(Activity): Restate every line of the material below word for word, skipping the images.

(Data shown):
════════

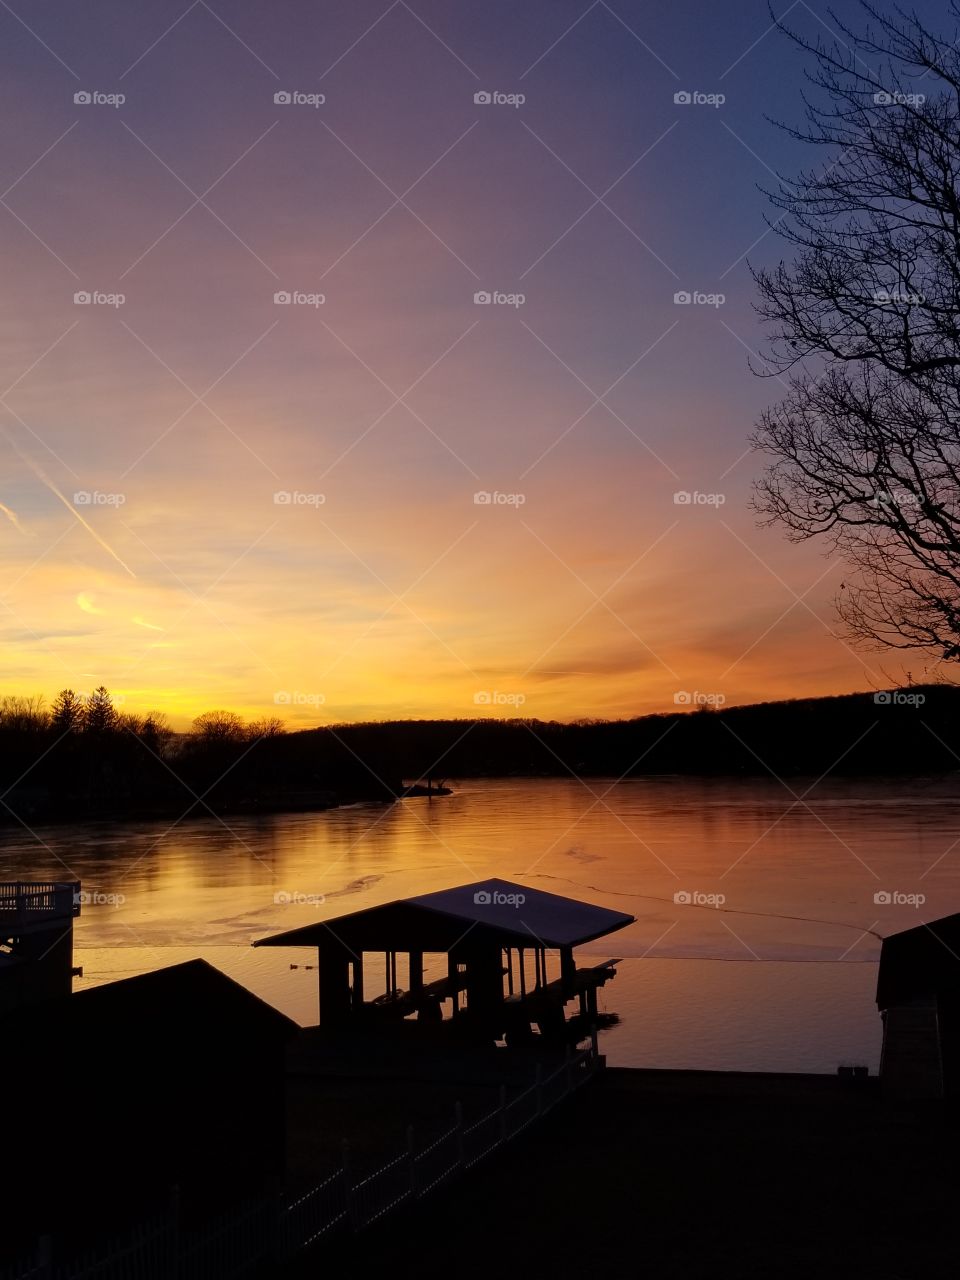 Beautiful sunset on a peaceful lake.
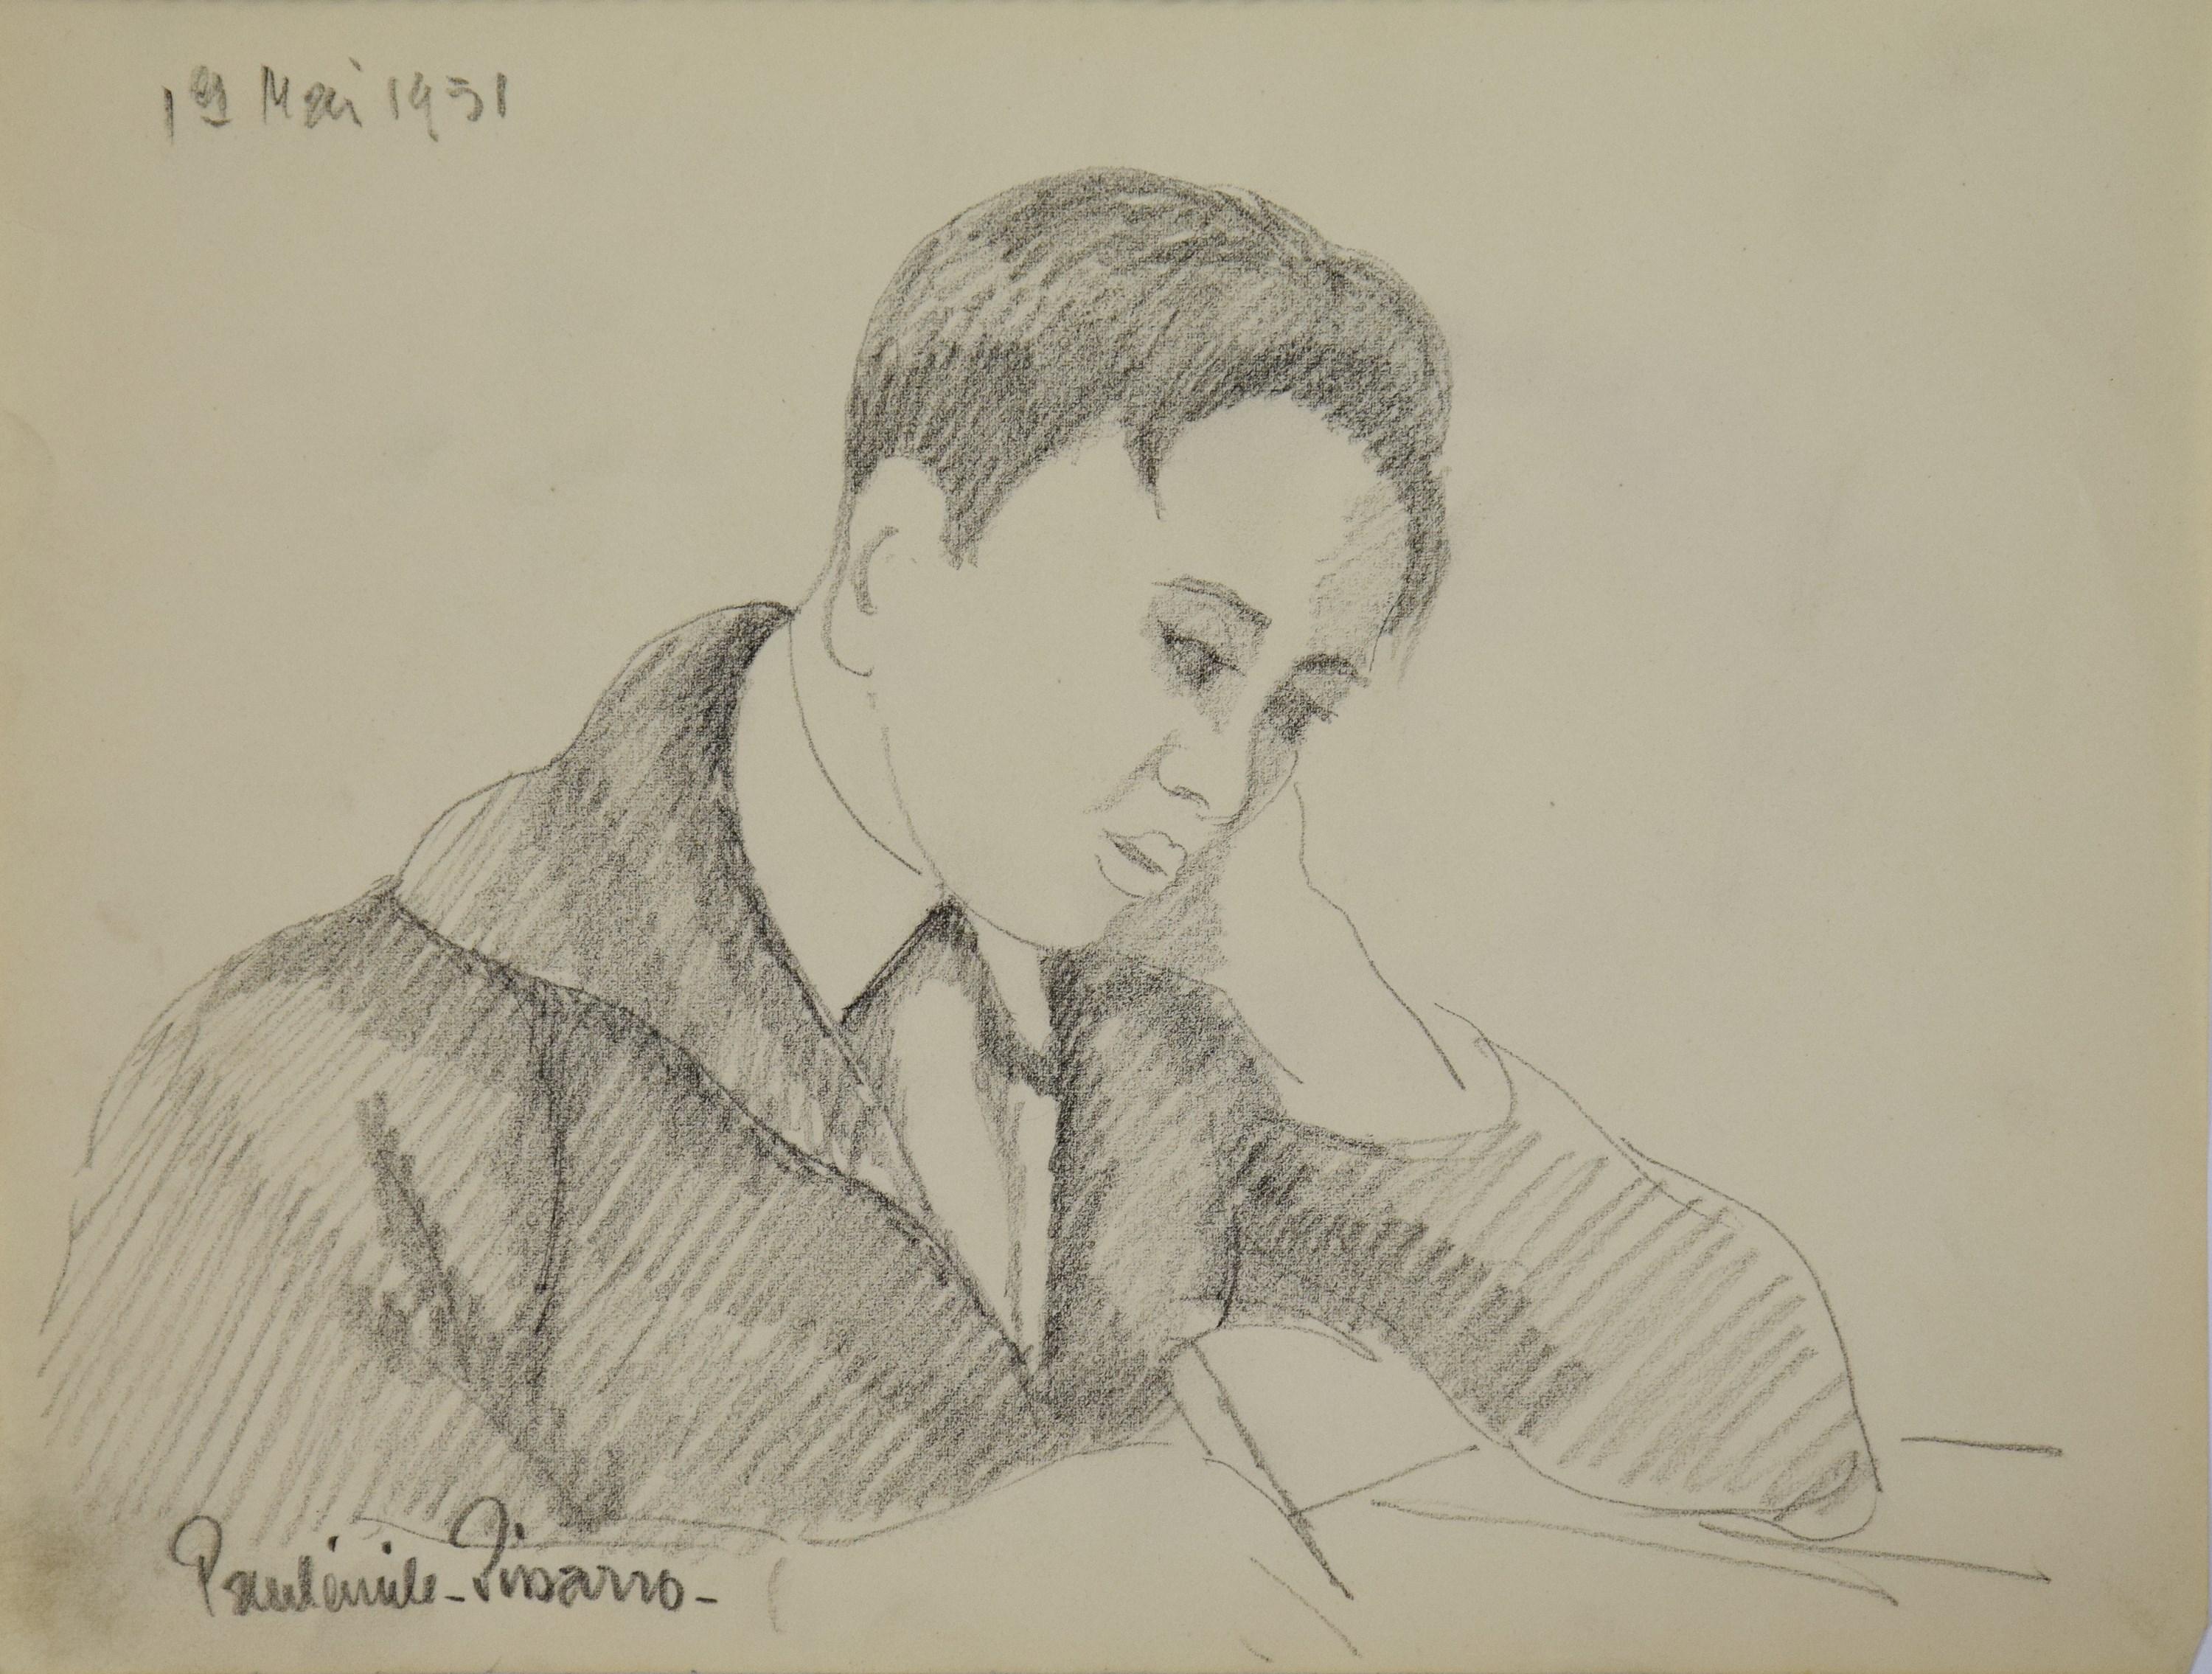 Les Devoirs von Paulmile Pissarro, 1951 – Art von Paulémile Pissarro
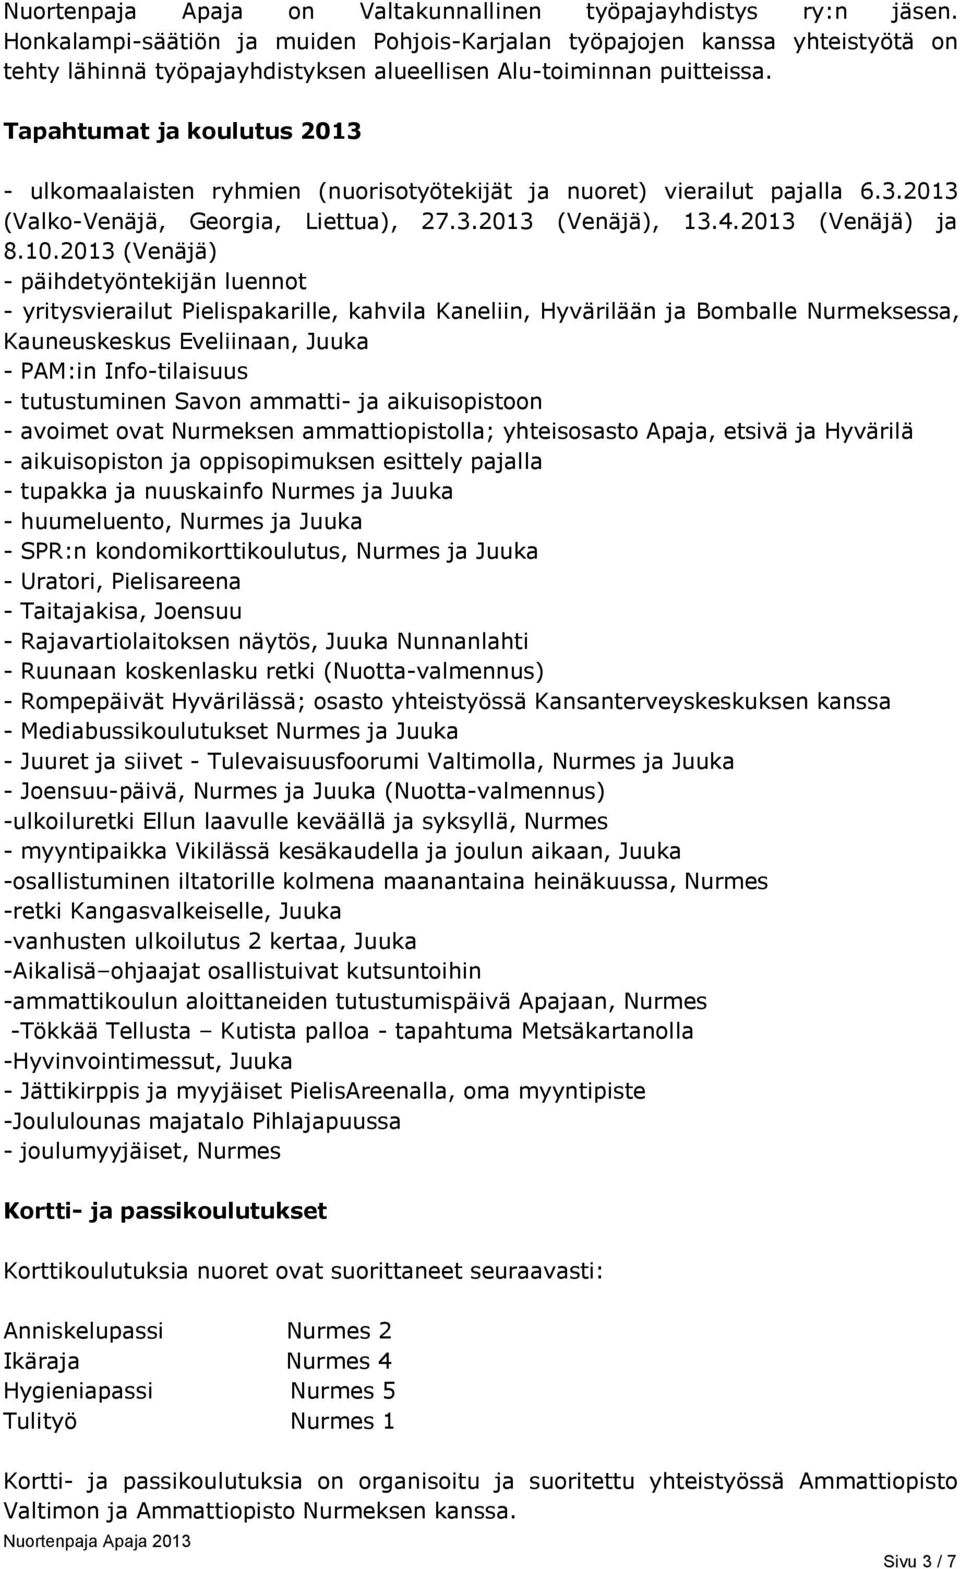 Tapahtumat ja koulutus 2013 - ulkomaalaisten ryhmien (nuorisotyötekijät ja nuoret) vierailut pajalla 6.3.2013 (Valko-Venäjä, Georgia, Liettua), 27.3.2013 (Venäjä), 13.4.2013 (Venäjä) ja 8.10.
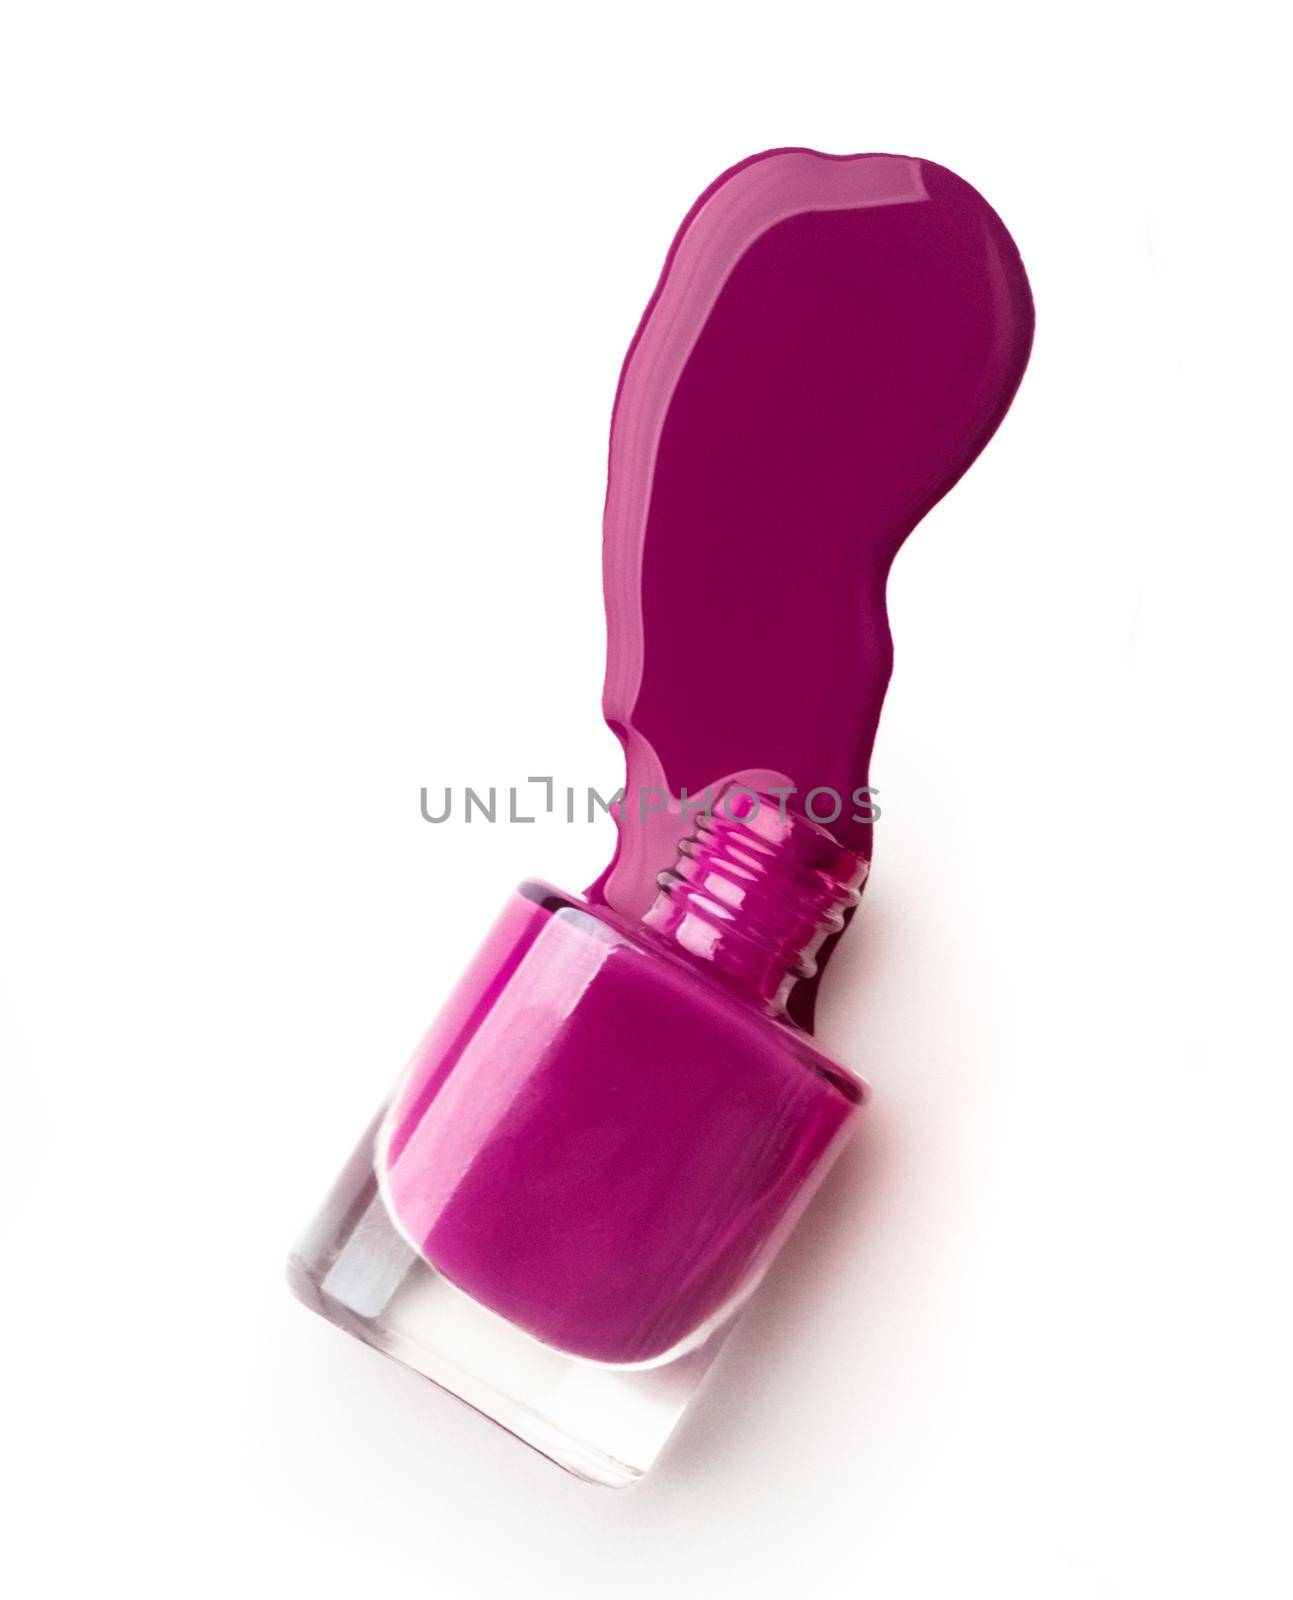 Violet nail polish bottle by GekaSkr

════════

(Your solution):
 Beautiful sunset on a peaceful lake.
 Les Devoirs von Paulmile Pissarro, 1951 – Art von Paulémile Pissarro
 Tapahtumat ja koulutus 2013 - ulkomaalaisten ryhmien (nuorisotyötekijät ja nuoret) vierailut pajalla 6.3.2013 (Valko-Venäjä, Georgia, Liettua), 27.3.2013 (Venäjä), 13.4.2013 (Venäjä) ja 8.10.
 Violet nail polish bottle by GekaSkr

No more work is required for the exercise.